## HOW TO COMPLETE THIS TASK
Once you find the line with "UNDER CONSIDERATION: The", output it and every line after it exactly, through the last line of the listing, but no pictures.

## INFORMATION PROVIDED

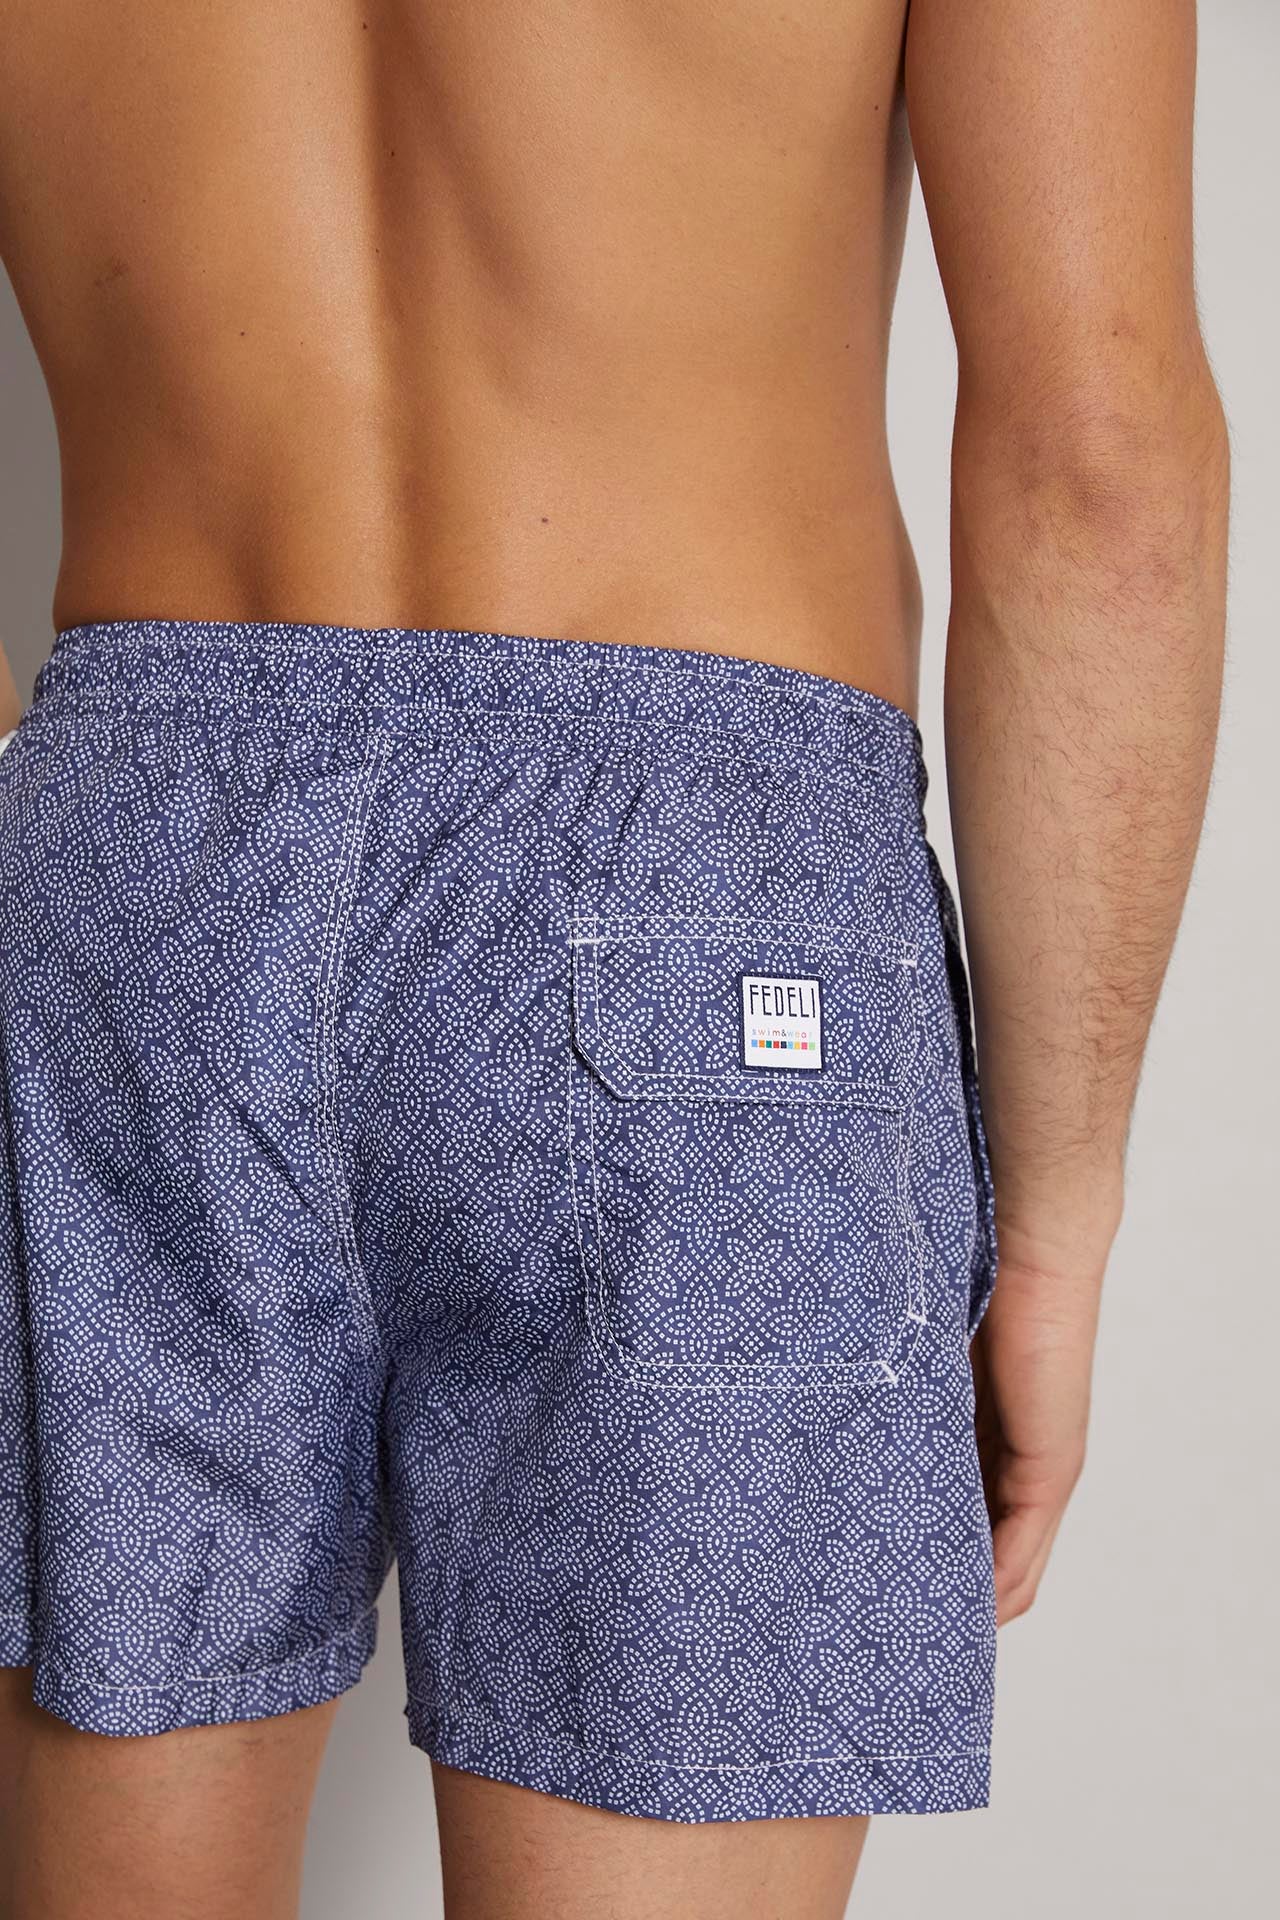 Madeira - the sustainable swim trunk - dots pattern
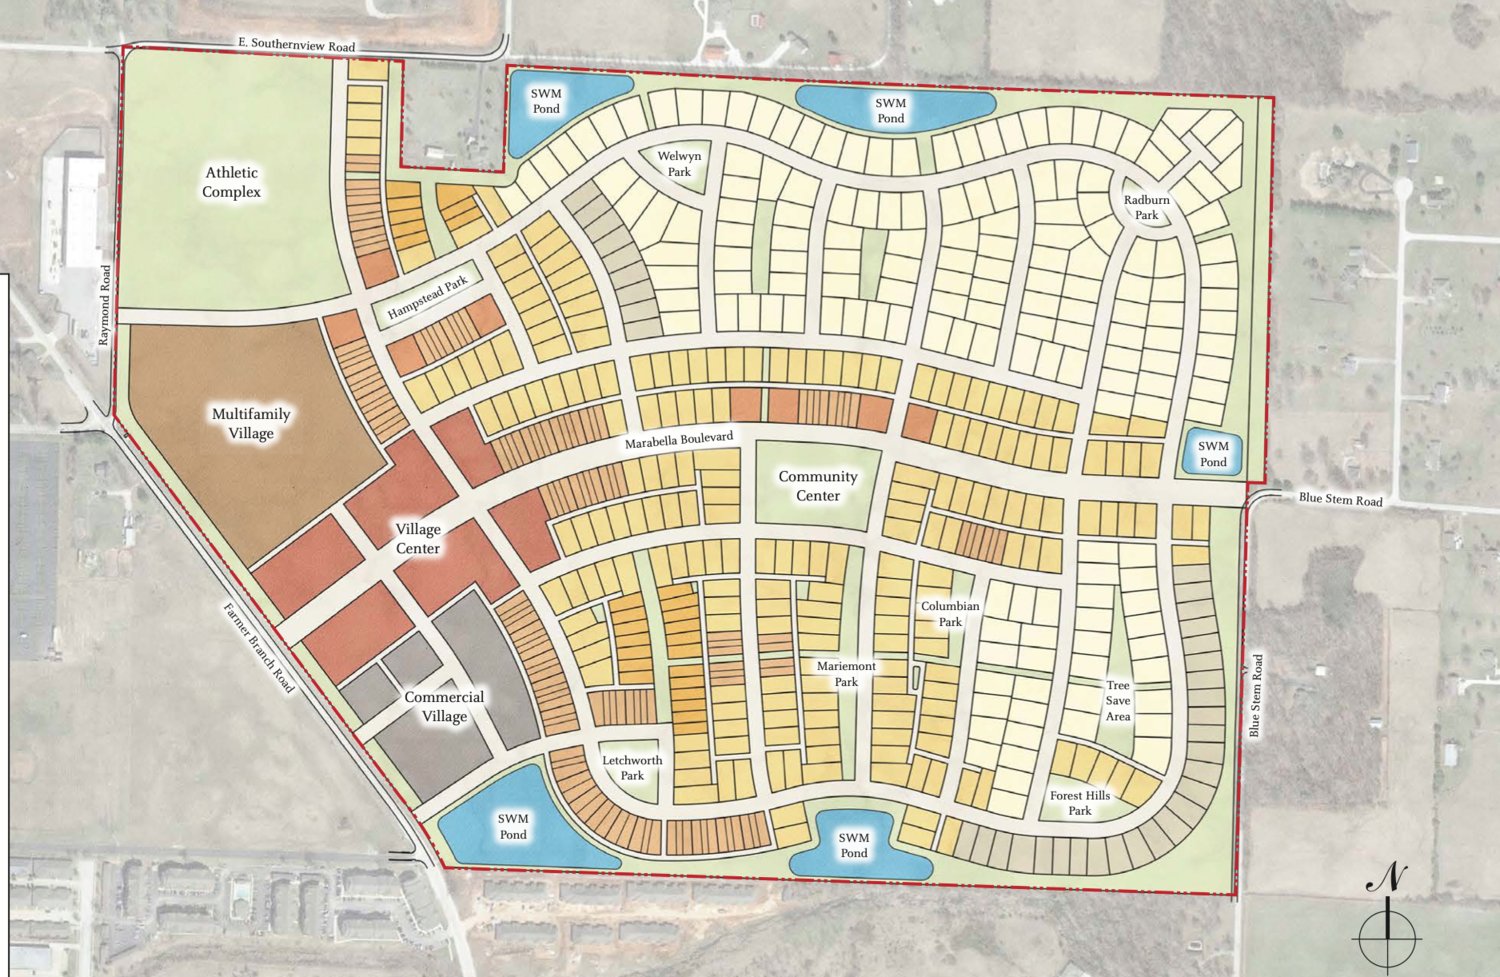 UNDER CONSIDERATION: The master plan for Marabella, a proposed 864-unit residential and commercial development in Ozark, is under review by city officials.
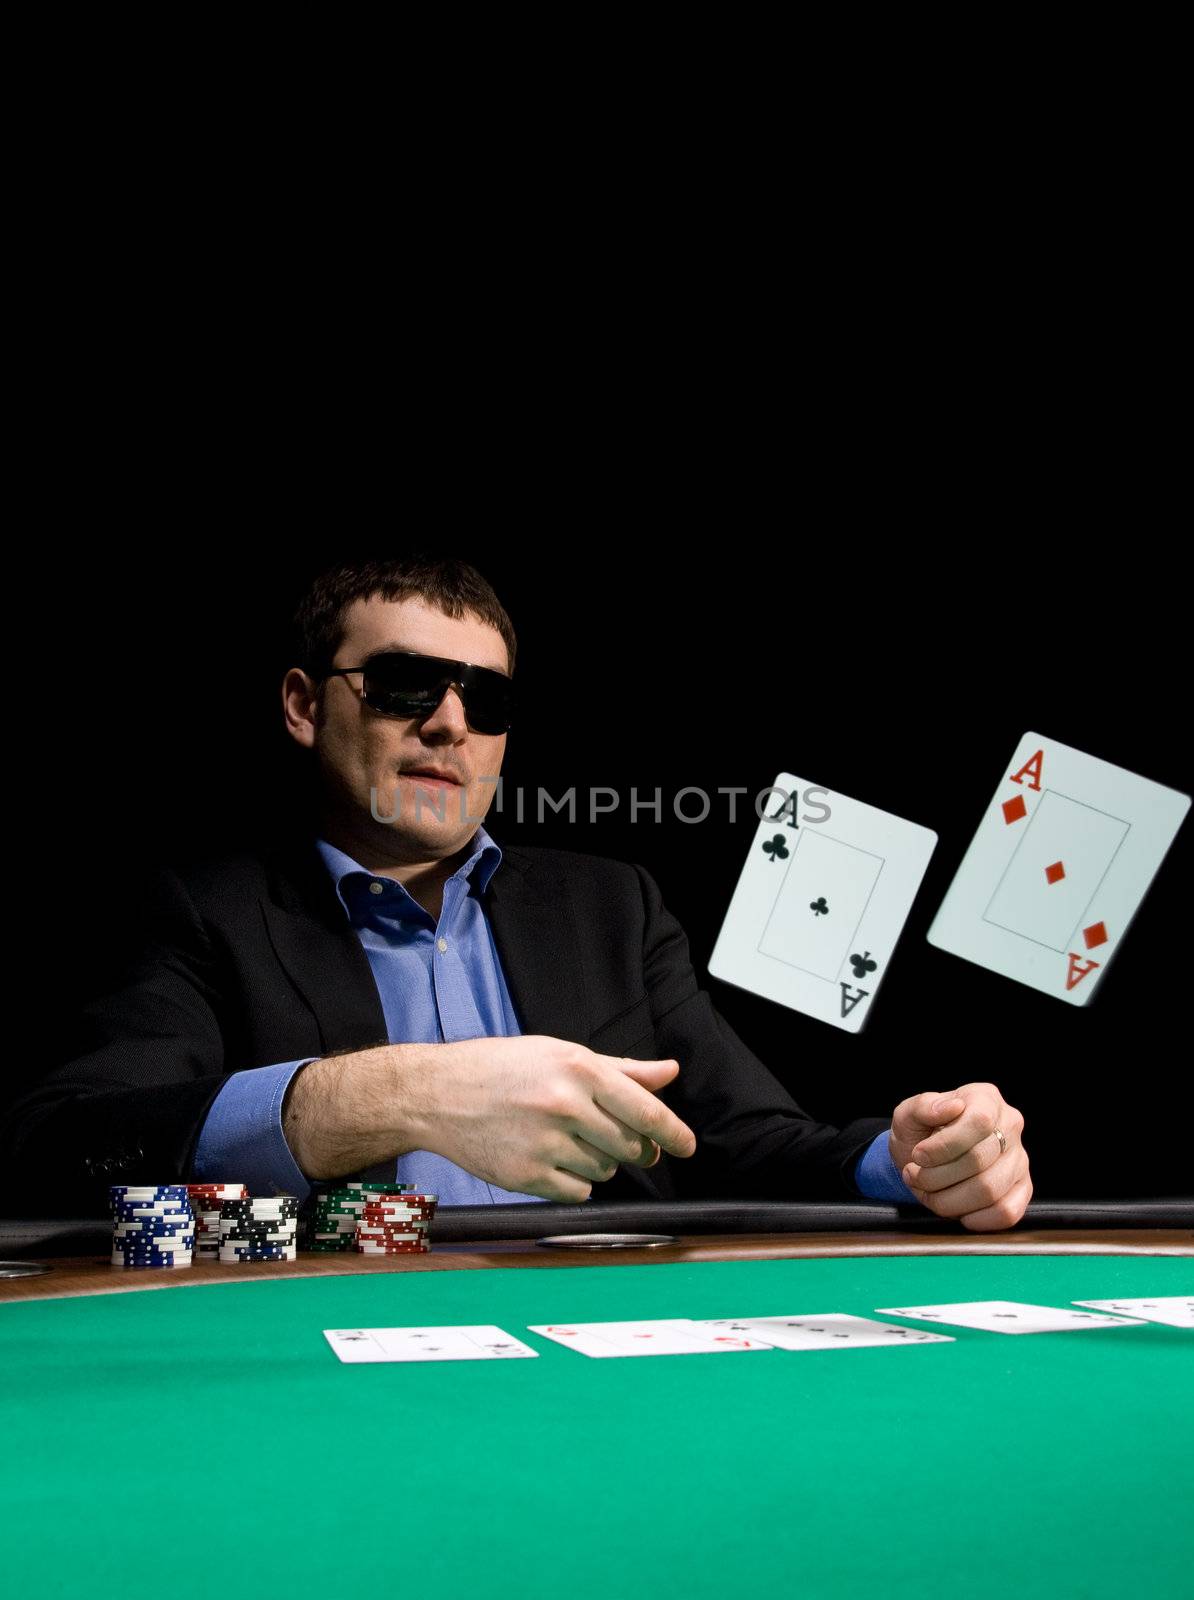 Stylish man in black suit folds two aces in casino poker at Las Vegas

## SOLUTION
 UNDER CONSIDERATION: The master plan for Marabella, a proposed 864-unit residential and commercial development in Ozark, is under review by city officials.
 Stylish man in black suit folds two aces in casino poker at Las Vegas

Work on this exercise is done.